4. We would recommend that Carriers seek a properly worded Letter of
Indemnity (LOI) from the party seeking the SBL. Both the wordings of the
LOI and the antecedents of the party providing the LOI (is the party good for
the Letter of Indemnity provided?) are important in managing the risks to the
Carrier. If the Carrier is not comfortable with the party providing the LOI, they
must ask for a LOI from a party who can satisfy their risk management
process.
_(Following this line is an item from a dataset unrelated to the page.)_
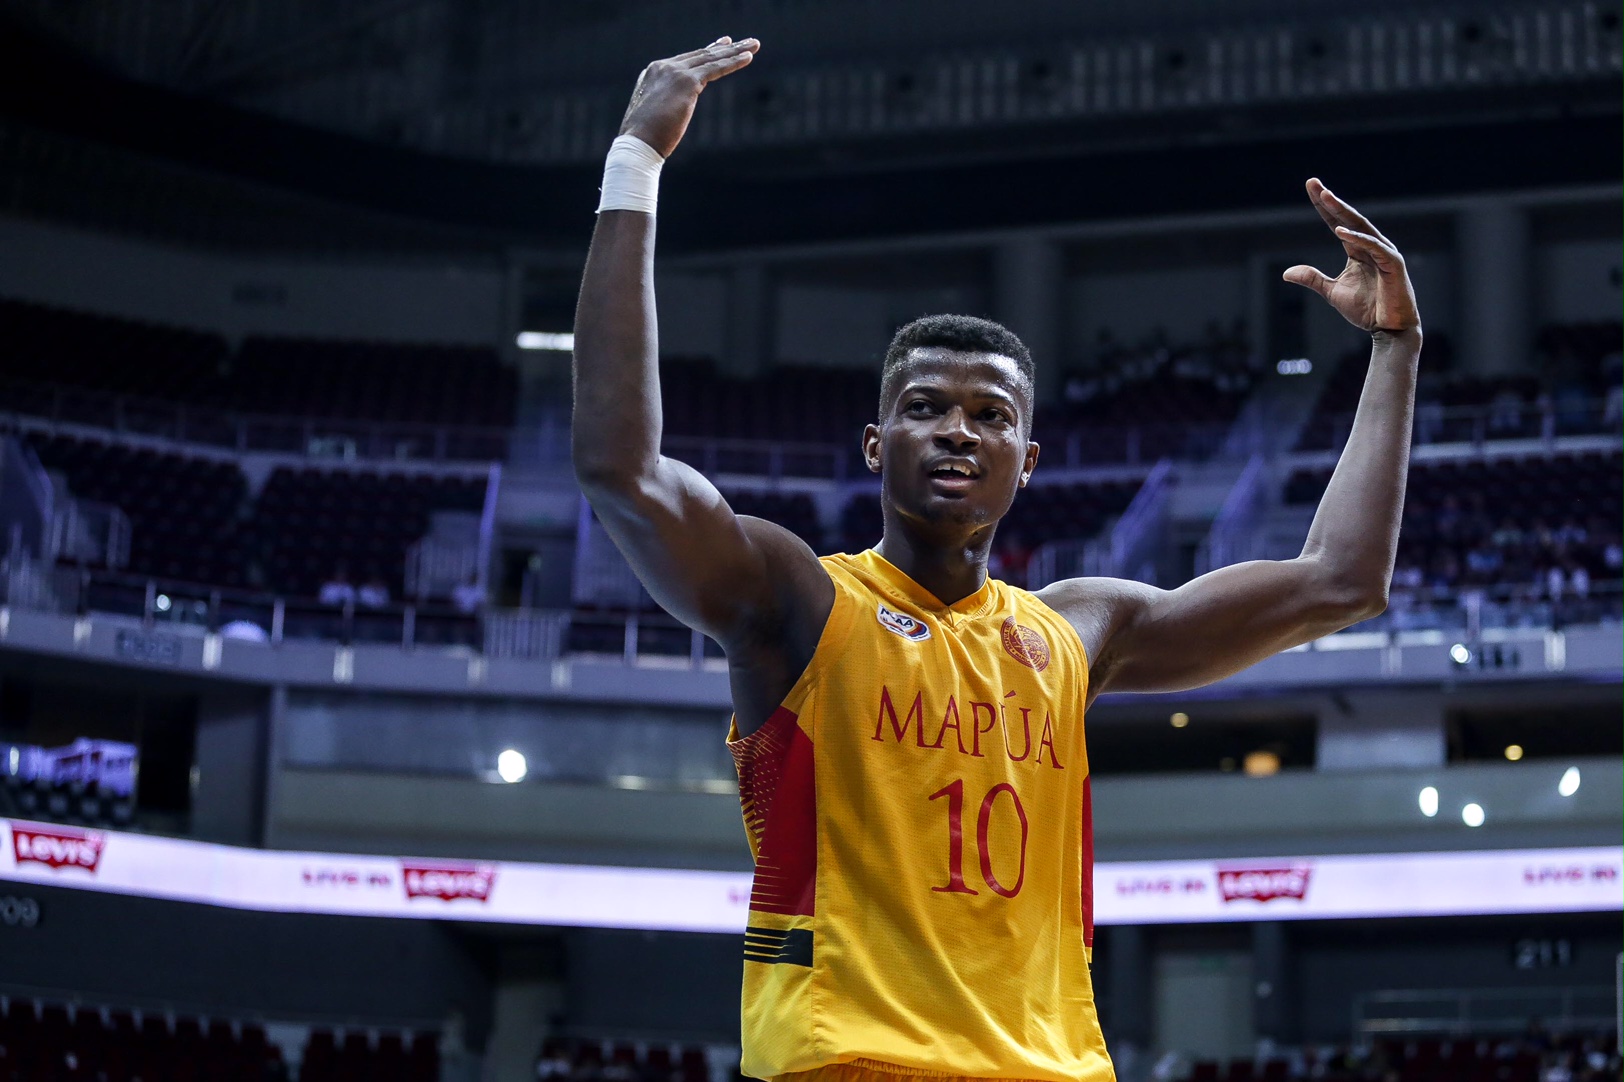 Allwell Oraeme pumping up the crowd. Photo by Tristan Tamayo/INQUIRER.net

The reason why we recommend that a LOI be sought is that while
the B/L contract is a contract in which the shippers liability subsists
throughout as they are the original parties to the contract, an argument could
be made that once the B/L has been surrendered with the Carrier for a SBL,
the original Shippers liability ceases (as the Carrier has agreed to vary the
contract). This being the case, Carriers may not be able to recover from the
original Shippers to the contract should there be any mis-declaration, or other
issues with the shipment and instead may have to consider pursuit of the
party who has sought the SBL. If the party seeking the SBL is impecunious,
then the carrier may not have any recourse available to recover their losses.
Further, if there any claims from other parties or from competing interests,
the Carrier may be drawn into the dispute due to their having released a SBL
and for which they would have to expend monies to defend themselves (the
LOI would assist in recovering costs incurred by the Carrier for defending
and / or paying any award/judgement against them).
5. It is our understanding that non of the Transport Liability Insurers exclude
cover for liability arising from the issue of SBLs. However, all of the transport
liability policies would require that their member/insured (as the case may
be) have proper standard operating procedure for their operations.
Otherwise, failure to have proper standard operating procedure may be
considered as reckless behaviour and which is generally one of the exclusions
in the Rules/Policy of the Mutual/Liability Insurers. This being the case,
Carriers may find themselves without cover should a claim arise out of their
releasing a SBL without having a proper process in place.
6. In conclusions, Carriers must ensure to :
a. have a Standard Operating Procedure for the issue of SBLs which
ideally should have been endorsed by their liability insurers.
b. seek a LOI from the party requesting for a SBL.

c. check that the parties signing the LOI are good for their word.
d. vet this process regularly to ensure that their (Carrier's) risk are
appropriately managed.

Who can request shipping line to issue switch bill of lading..??

A very important point raised by Tom regarding the issuance of switch bill of lading..
Question : Considering container liner traffic, who is considered to be the Principal
authorised to request the switch? Is it the shipper stated on the B/L or th party booking the
container(paying the freight). As these partys are not always the same?

The entity that is authorised to request the shipping line to issue a switch bill
of lading would be the shipper on the first set of bill of lading.. The shipper of the bill of lading
is deemed to be the owner of the cargo and the ownership does not transfer to another party until
such time the bill of lading has been negotiated and sent to the consignee..
This request must come on an Original letter head of the shipper and sent to the shipping line
or their agent.. The shipping line or agent would then follow the process as covered in my
original article regarding Switch Bill of Lading.